His pro MMA debut in Bellator at age 20 seemed like a formality. But against Zach Freeman (9-3) he got too hungry for the knockout, lurched too far forward, and found himself in a guillotine choke. The best-laid plans went astray in just 24 seconds.

He seemed to put his woes behind him with four straight victories—all by highlight-reel knockouts. But just when the hype train seemed poised to pull out of stagnation station he dropped two in a row, both by knockout after Pico again appeared to get too eager for the highlight reel. But then three more stoppage wins followed.

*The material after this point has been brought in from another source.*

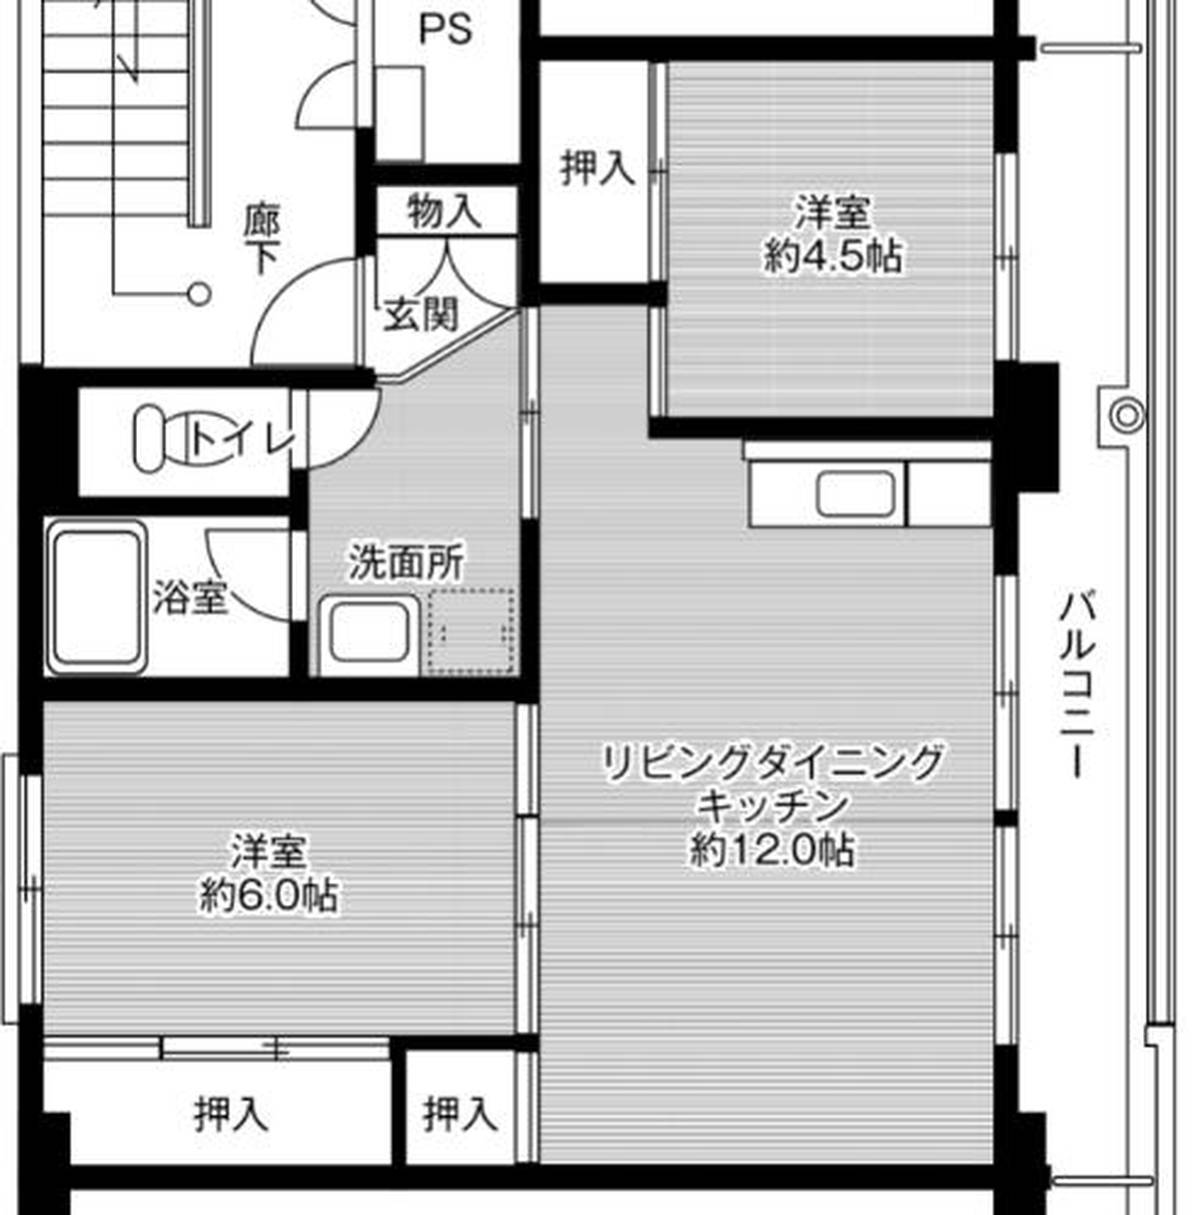 2LDK floorplan of Village House Mitsuhashi in Yanagawa-shi

You get the idea. It's been a whiplash of a career thus far for Pico. Now, at age 24, he's on the main card against Aiden Lee (9-4) next week at Bellator 260. Lee is a bit of an unknown, a bit of apparent cannon fodder on which Pico can continue to rebuild his record. 

Eventually that will need to change, though. The seven guys Pico has beaten sport a combined record of 78-41. That's not very good. 

Bellator is right to bring Pico along slowly, even keeping him out of the promotion's ongoing featherweight grand prix. Still, they have to hope he eventually gets the hype train back on track. Lee would be another step in the right direction.


Stone Cold Lead Pipe Lock of the Week

Record to date: 10-3 

Let the circus come to town, and give me Mayweather to finish Logan Paul this weekend. Oh, wait, no winner can be declared? Great.

I'm being told there's a UFC event this weekend, UFC Fight Night 189 in Las Vegas. Not the most sparkling of affairs, with heavyweight main eventers Jairzinho Rozenstruik (11-2) and Augusto Sakai (15-2-1) both coming off losses and would likely remain out of the title picture even with a win.

But undercarder Makwan Amirkhani could be a good pick. He's struggled against top competition, but Kamuela Kirk (11-4) is not top competition, and he'll be making his UFC debut on short notice this Saturday. Amirkhani's a -230 favorite to handle the newcomer, per DraftKings. Lock it in.